14 August 2019

Suvi Gezari Will Give Kavli Plenary Lecture in Honolulu

Richard Fienberg

Richard Fienberg AAS Solar Eclipse Task Force

This post is adapted from an AAS press release:

Suvi GezariWith support from the Kavli Foundation, the AAS Vice-Presidents name a special invited lecturer to kick off each semiannual AAS meeting with a presentation on recent research of great importance. At the 235th AAS meeting in Honolulu, Hawaii, on 5 January 2020, the Kavli Foundation Plenary Lecture will be given by Dr. Suvi Gezari, Associate Professor in the Department of Astronomy at the University of Maryland in College Park.
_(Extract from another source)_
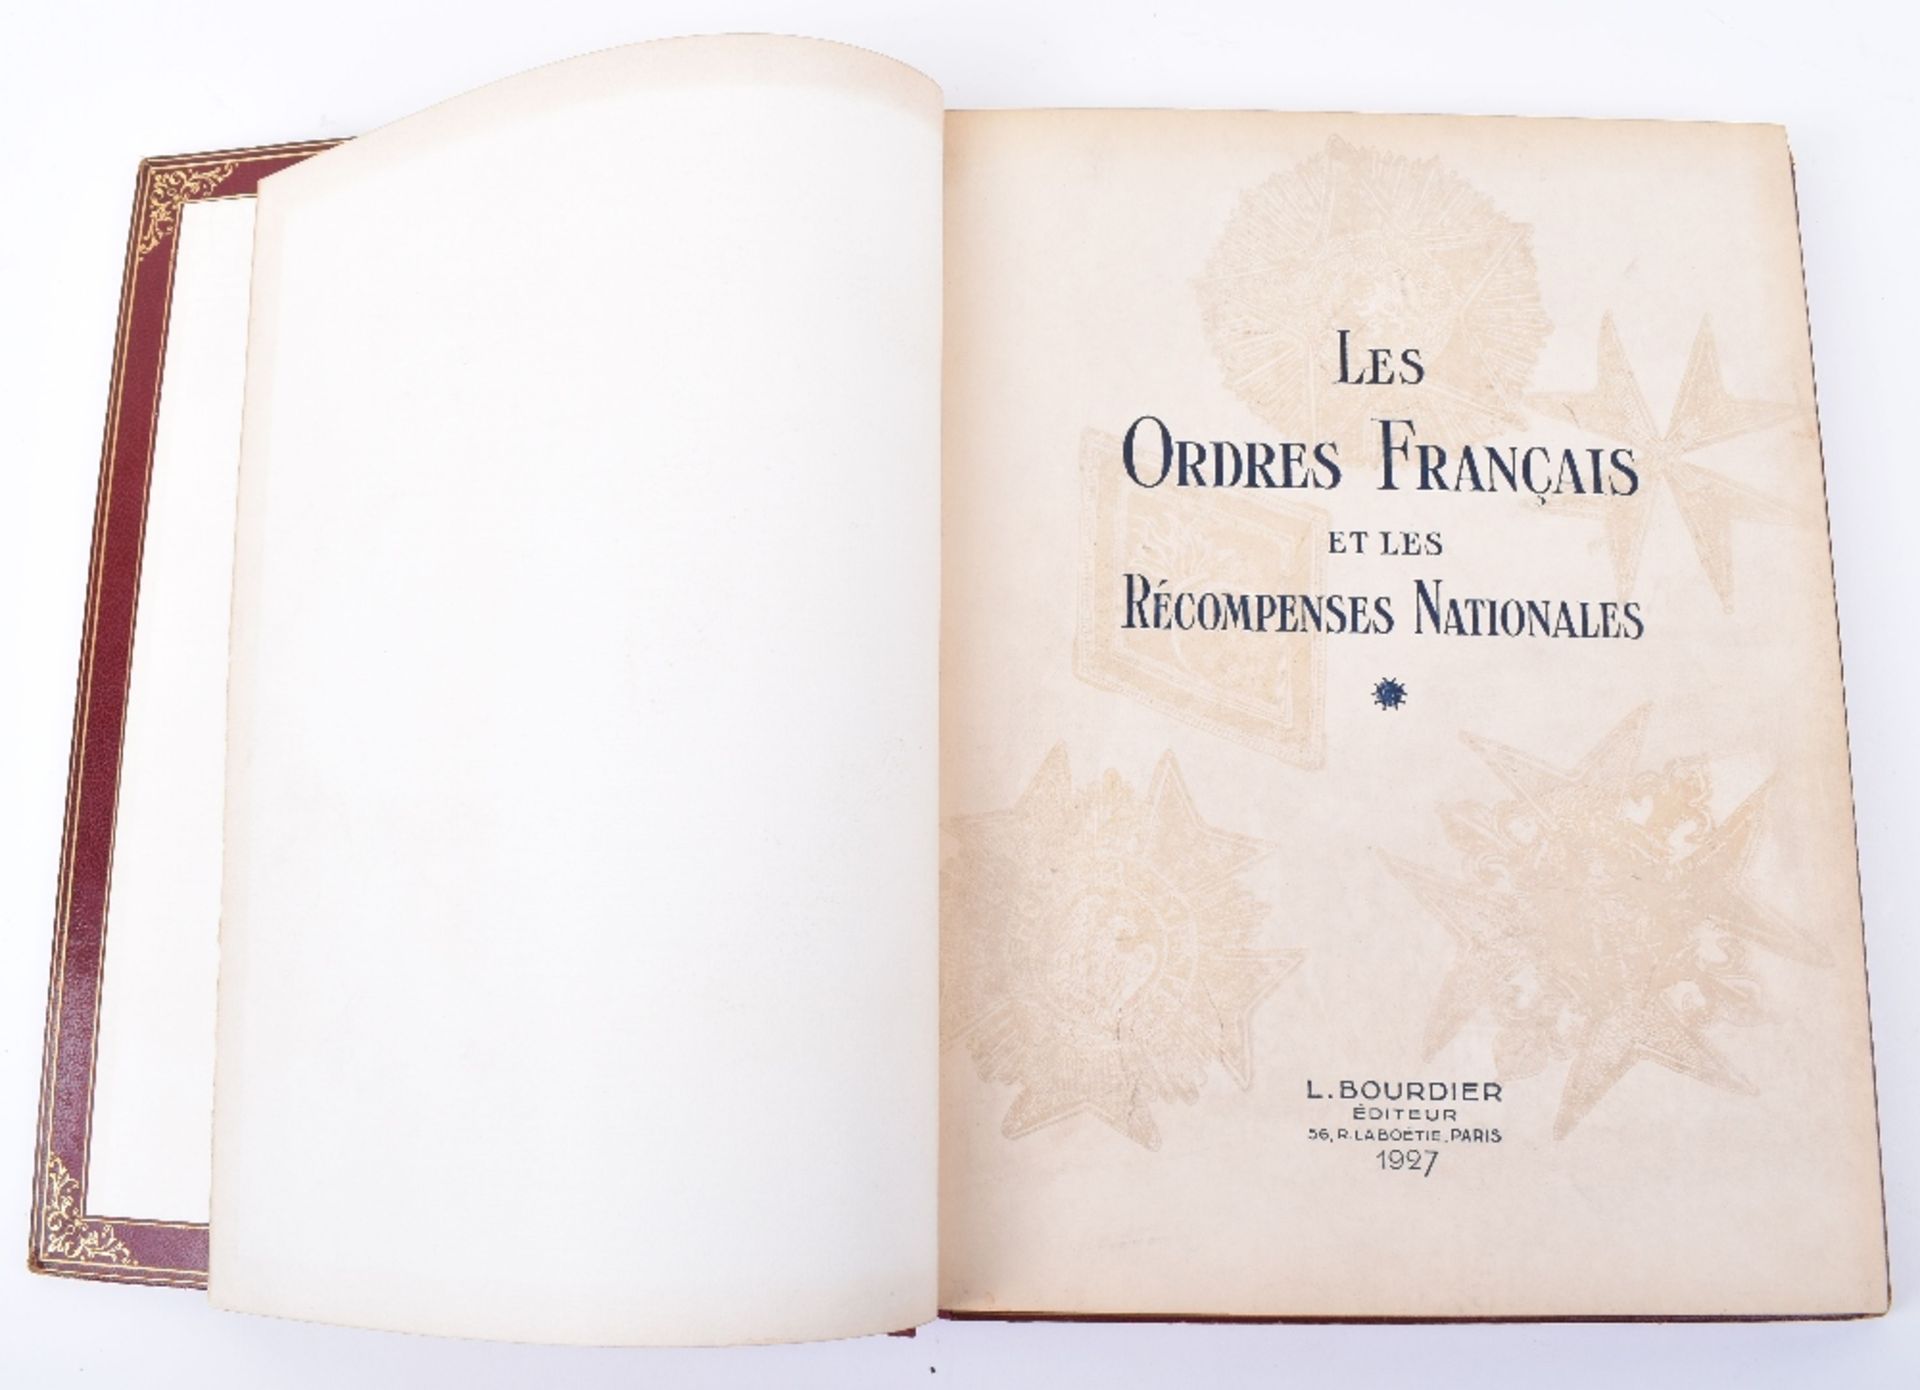 Les Ordres Francais et les Recompenses Nationales, L.Bourdier 1st Edition 1927. - Image 3 of 5

Gezari is a world leader in the study of transient phenomena in astronomy and is particularly well known for her discovery and analysis of tidal disruption events (TDEs), flares of light emitted when stars are torn apart by the gravitational pull of supermassive black holes in the centers of galaxies. She has transformed TDEs from a theoretical concept to an observational reality, discovering large numbers of these events and using them to explore the nature and growth of supermassive black holes and their environments. The title of her Kavli lecture will be “Black Holes Snacking on Stars: A Systematic Exploration of Transients in Galaxy Nuclei.”

Gezari earned her bachelor’s degree in math and physics at Brown University in Providence, Rhode Island (1999), her master’s in astronomy at the University of California, Los Angeles (2001), and her doctorate in astronomy at Columbia University in New York City (2005). She joined the University of Maryland faculty in 2012 after completing a Voluntariat International fellowship at Caltech and a Hubble fellowship at Johns Hopkins University, where she also spent two years as a staff scientist.

“I have been attending winter AAS meetings since January 1999,” says Gezari, “when I was an undergraduate presenting results from my summer research program at the Maria Mitchell Observatory on Nantucket Island, Massachusetts. If you’d told me then that I would be giving a plenary lecture 21 years later, I don’t think I’d have believed it. Thank you to the AAS Vice-Presidents and the Kavli Foundation for recognizing my work — this is truly an honor!”